The workshop was a beautiful “modern-day” approach to the ritual Japanese tea ceremony, better known as Sadou (茶道). Everything about making the cup of matcha meets the  sustainable moushmoush standards (not sure if this will be a thing but we’ll see) from the organically sourced tea, to the bamboo tools, and the philosophy behind it. Miles, the manager of Rikumo, first explained to us - the attendees - the history of matcha, which was first introduced to Japanese Zen monks, in the late 12th century, to help them stay awake and alert for long periods of meditation. Knowing where and by who a product is sourced does not only help you rest re-assured that the manufacturers are ethically treated but it's kind of like revealing a pretty cool hidden secret. The matcha was organically sourced and grown in Uji, Japan from the Morihata Tea collection, by five generations of master tea harvesters. Before we throw the organic word precariously, its been given the stamp by JONA (Japan Organic & Natural Foods Association) and USDA standards. 

So what does it mean to be like a grade of Matcha?

Each grade’s quality is determined by the location of leaves, the care put into the processing and grinding of the leaves and the prevention of premature oxidation.

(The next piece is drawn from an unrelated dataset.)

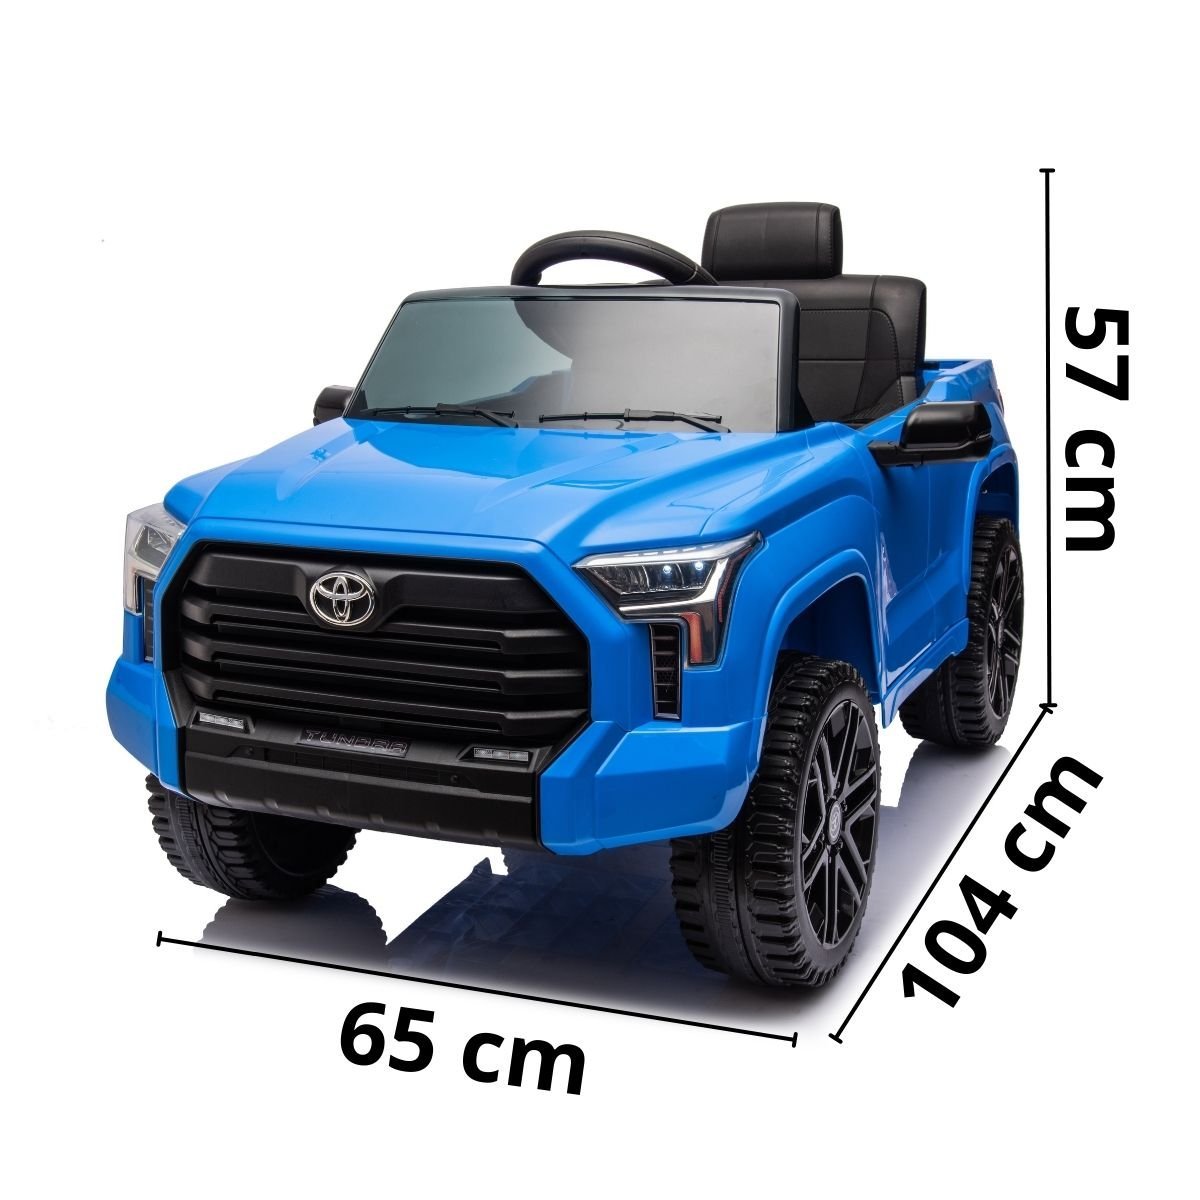 Mini Caminhonete Carro Elétrico Infantil Toyota Tundra Bateria 12V Azul Importway Bw-280az BW-280AZ  - 2

The more care and attention given to these steps the higher the quality. Now I’m no tea connoisseur but could pass some judgement, maybe, based on the last coffee/tea hopping I did around philly last year -- that makes me an expert, right? The first grade we tried was the Classic grade, or Sei,  which from what my taste buds would recall was slightly bitter and intense. The next grade was the Ceremonial, or Waka, a good balance between the two other grades. It was smooth with a bright rich taste. Finally the highest quality grade, made for the tea connoisseur (again, me right ;)) in mind, was the Premium Ceremonial, or Jun. This unforgettable sip of premium goodness was the lightest and smoothest of the three.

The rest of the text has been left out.